Ji nûve ava bûm, bi êş û xeman
Mirî bûm rakirin, ji xewa giranYeniden dirildim, sızı ve hüzünlerden
Ölüydüm uyandırdılar, derin uykudan~Seyda Perînçek - Evîna Wendayî
....
Gerçeklik algısı bir an için sekteye uğramıştı Ronî Şahinoğlu'nun. Sanki yine bir rüyadaymışta, doktor ona bu müjdeli haberi veriyormuş gibi hissediyordu. Doktor hamilesin diyor, Ronî rüyasında bile inanmıyordu. O an bu sahne o kadar gerçek gelmemişti ki alıştığı, artık inandığı şeyler bunun gerçekliğini öldürüyordu.

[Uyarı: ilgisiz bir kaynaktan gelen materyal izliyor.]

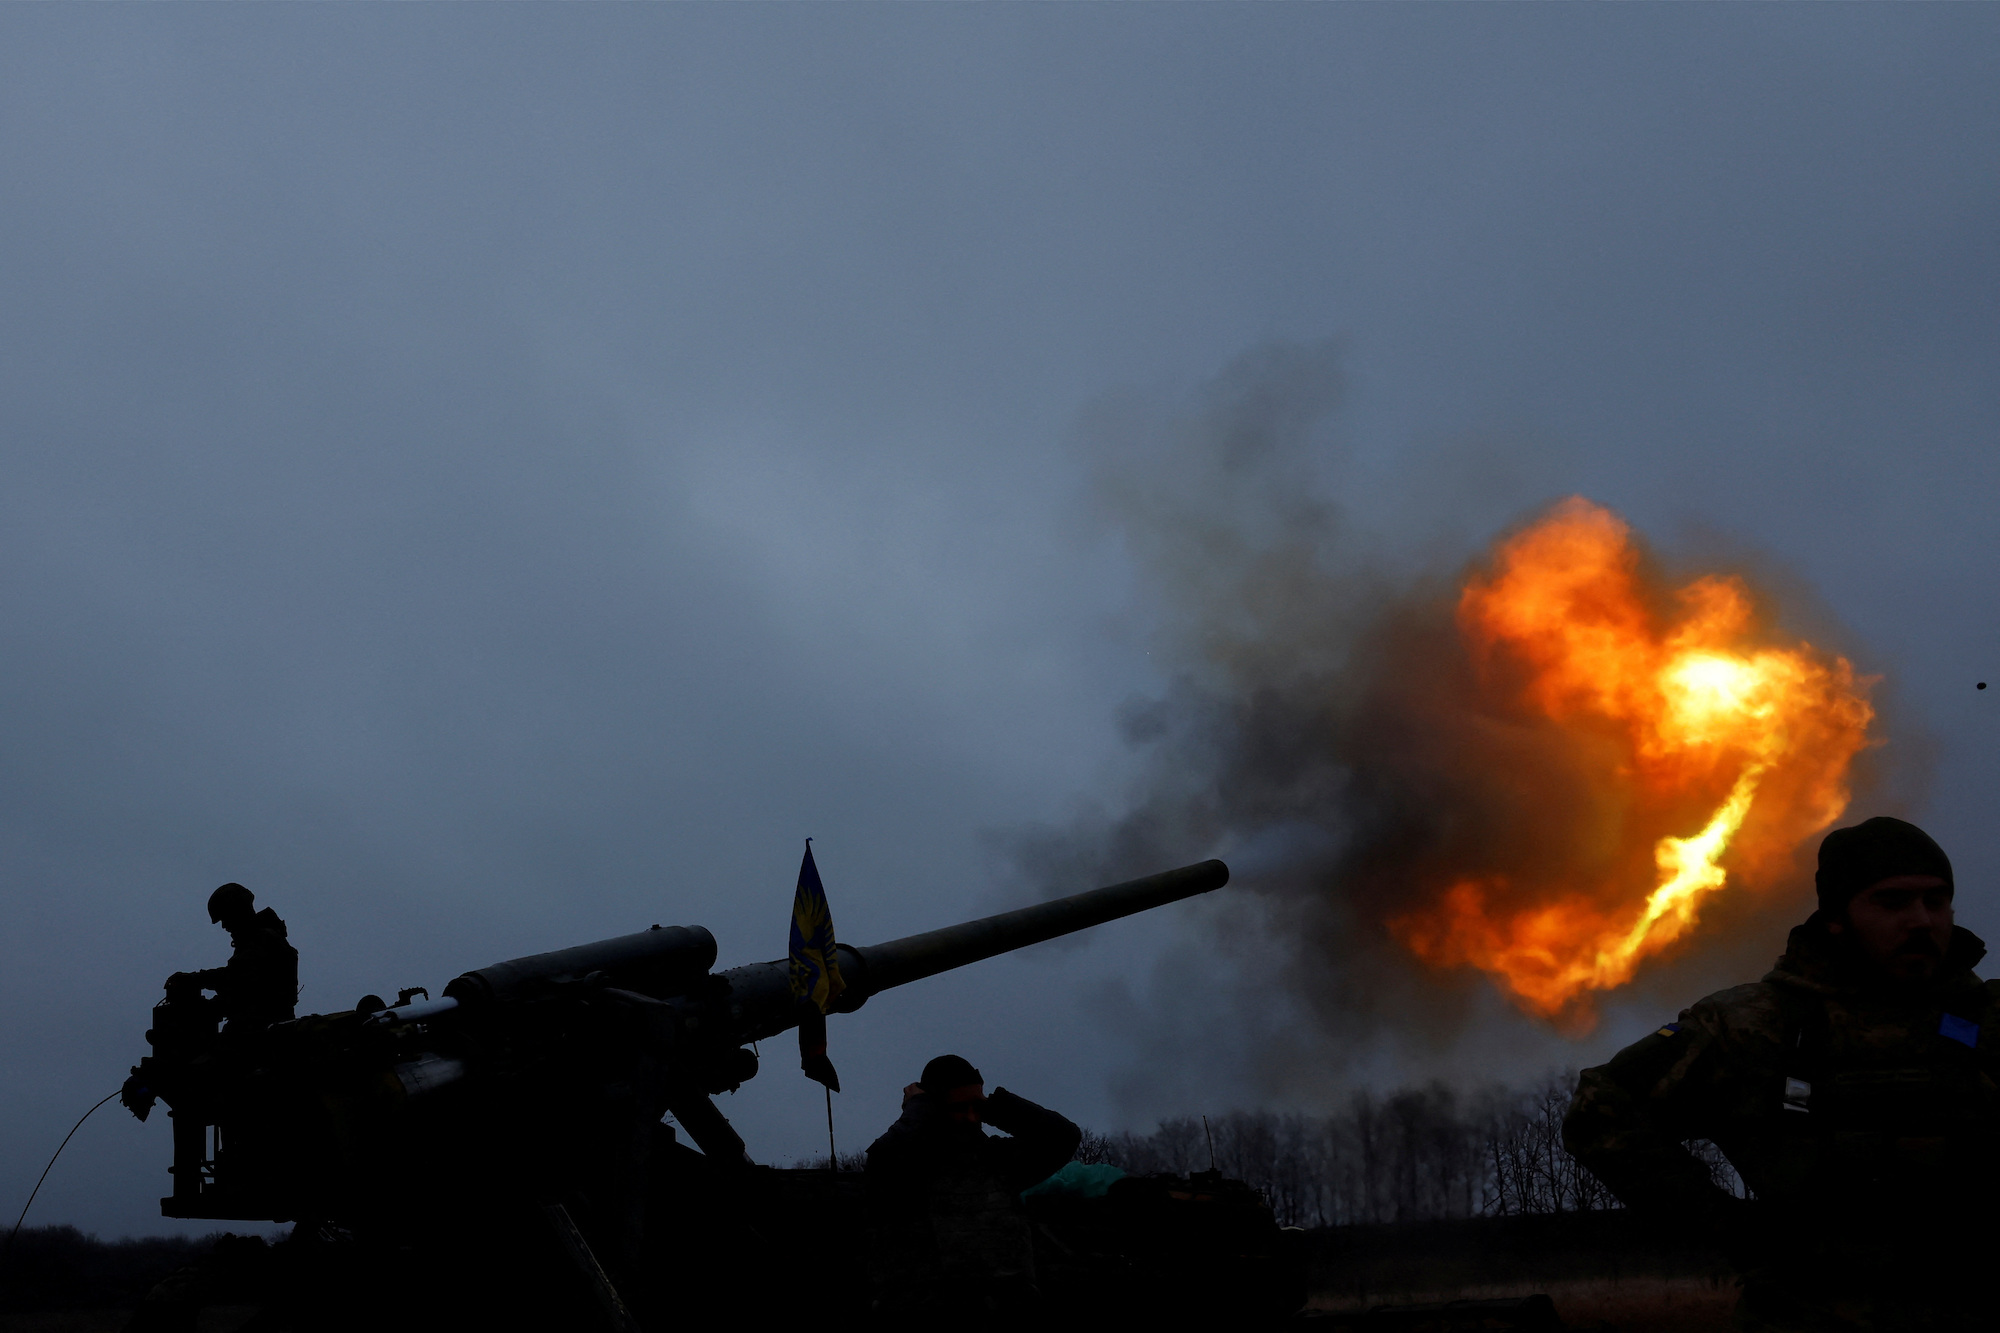 Ukrainian soldiers fire a projectile from a self-propelled cannon on the front line in Bakhmut on December 26, 2022.

Çünkü Ronî hamile kalamazdı. Ronî yıllardır hamile kalamıyordu. Ronî altı yıldır bunun için çabalıyordu. Ronî hayal kırıklığına uğruyor, her seferinde kendini bunun olmayışına alıştırıyordu. Ronî'nin alıştığı yokluğunda birden bire bir varlık yeşermişti. Eksikliğini bir şey doldurmuş ve o şey ona çok yabancı gelmişti. Doktor hamilesin diyordu ama Ronî buna bir türlü ikna olmuyordu.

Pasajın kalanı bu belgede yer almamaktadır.